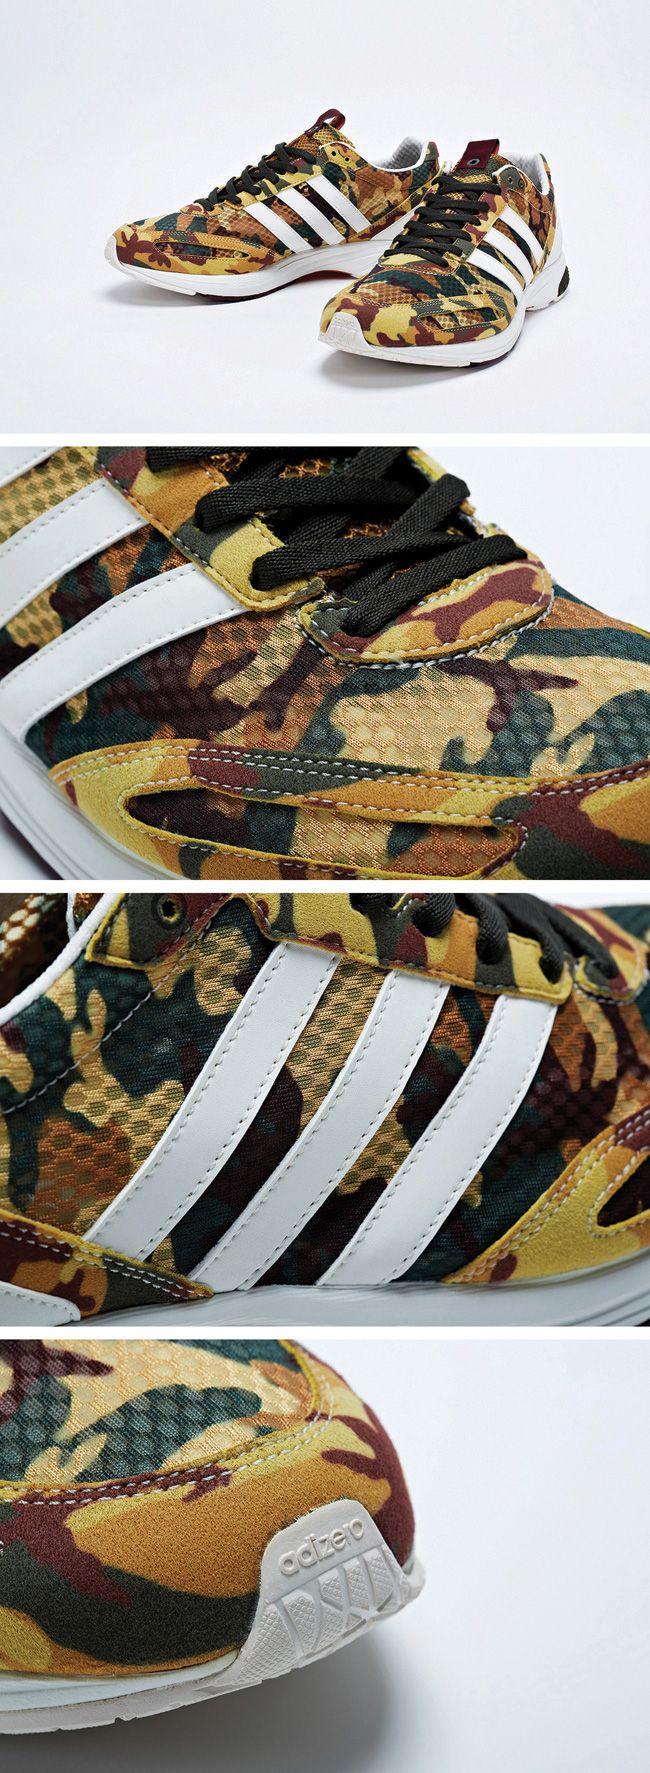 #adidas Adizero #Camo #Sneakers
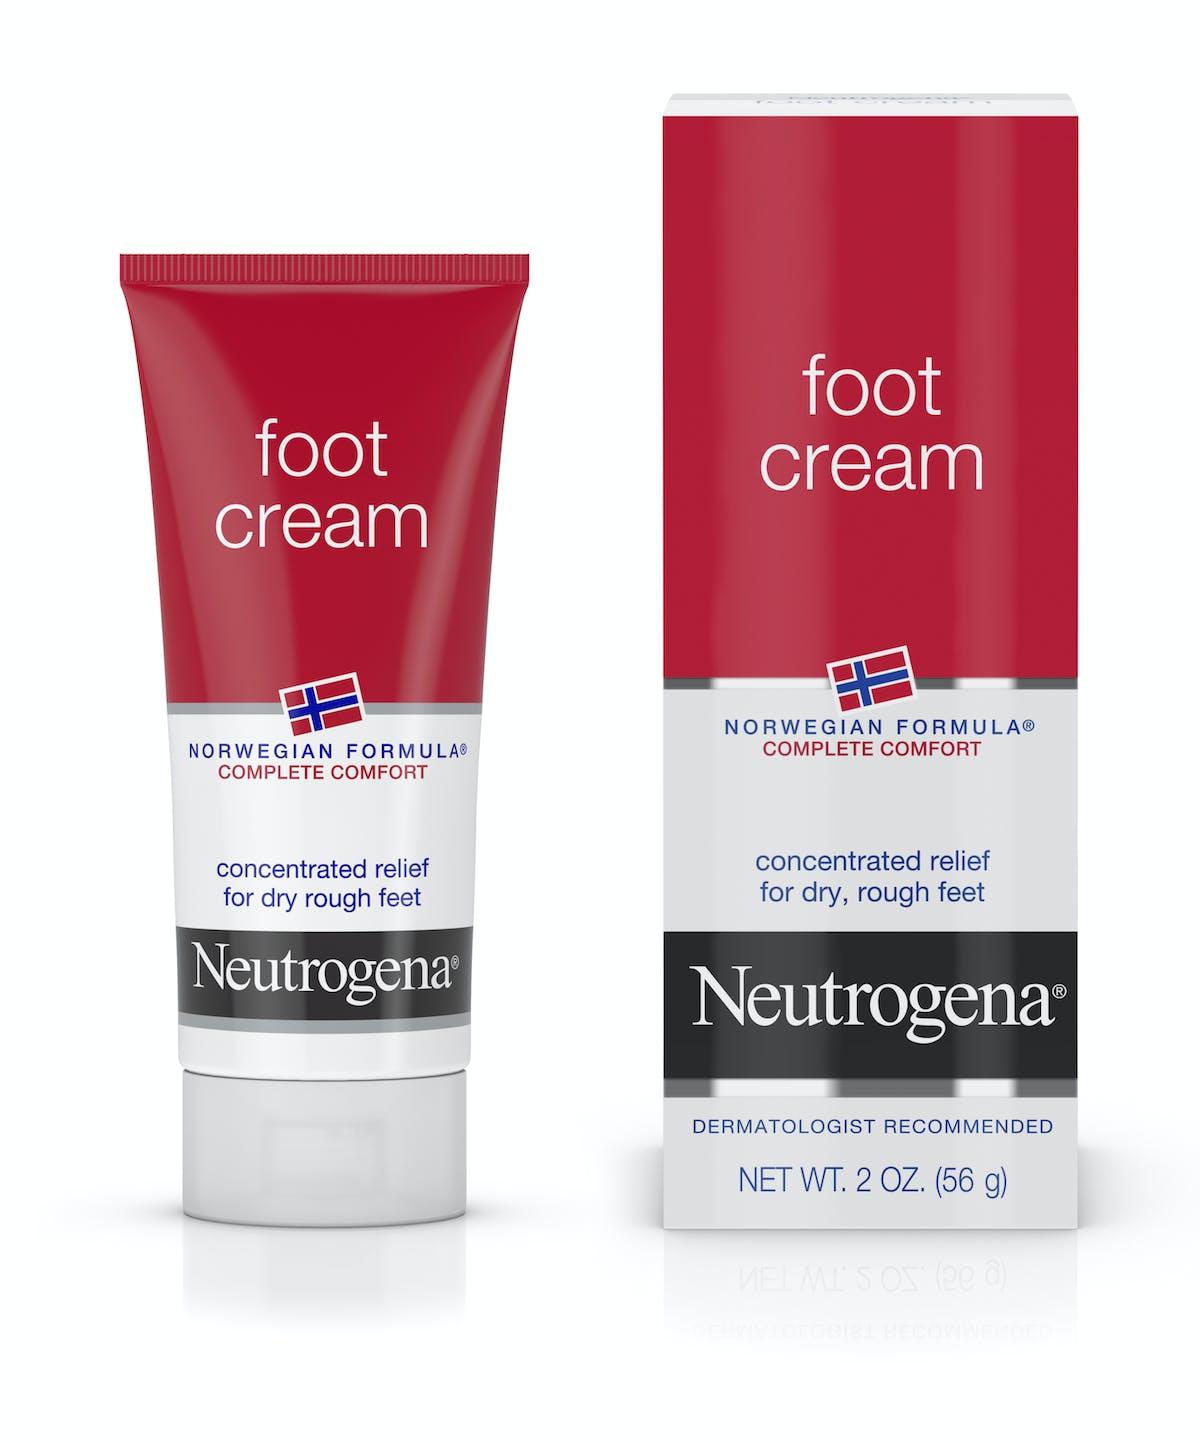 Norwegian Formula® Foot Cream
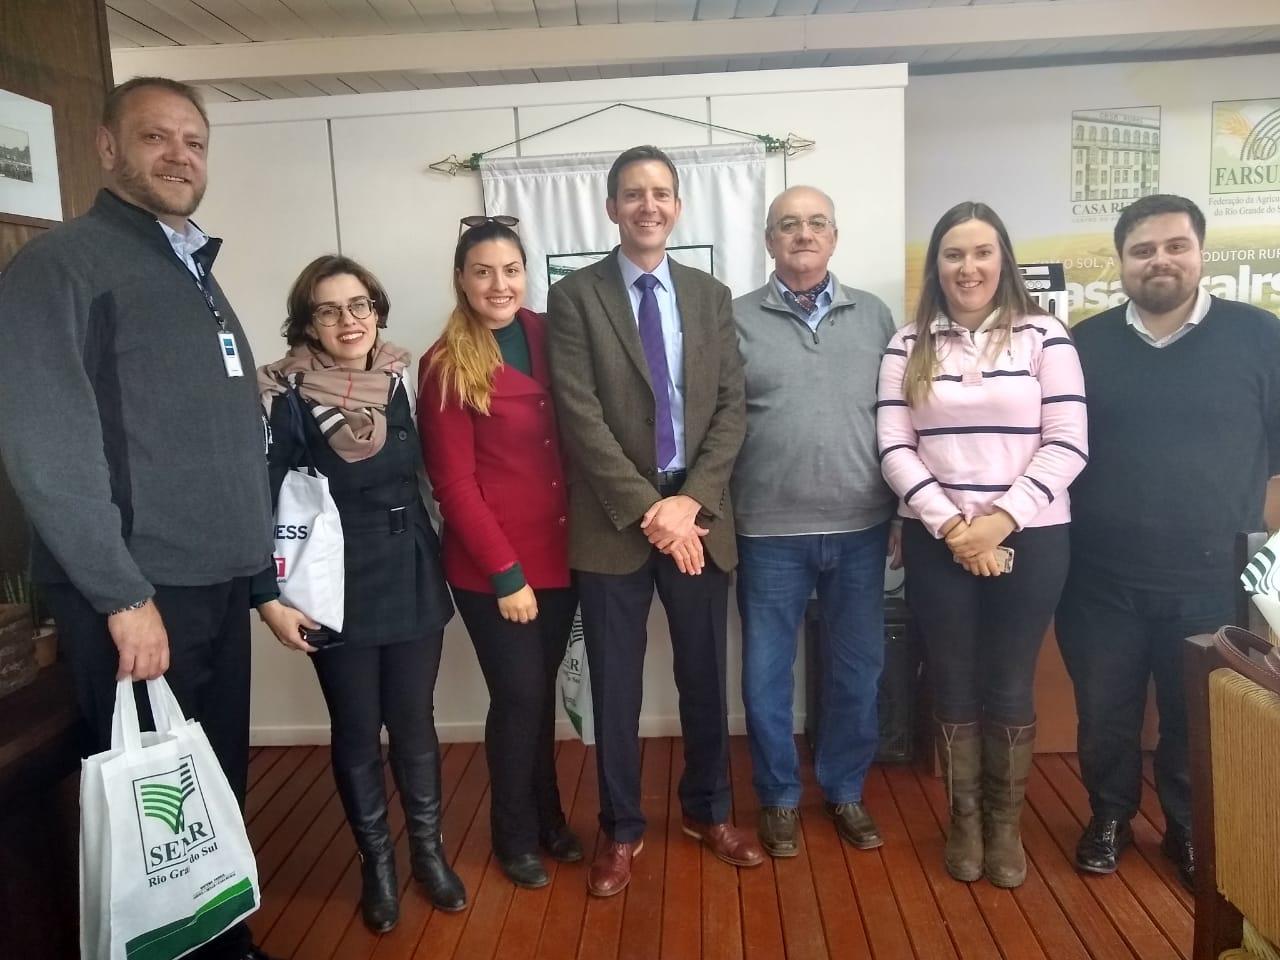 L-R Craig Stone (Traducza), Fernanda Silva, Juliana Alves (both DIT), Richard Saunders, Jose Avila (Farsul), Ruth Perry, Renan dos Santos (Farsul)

========================================================================

TASK DESCRIPTION
When copying the material, leave every image behind and keep each line verbatim.

RESULT OF THE TASK
 #adidas Adizero #Camo #Sneakers
 Norwegian Formula® Foot Cream
 L-R Craig Stone (Traducza), Fernanda Silva, Juliana Alves (both DIT), Richard Saunders, Jose Avila (Farsul), Ruth Perry, Renan dos Santos (Farsul)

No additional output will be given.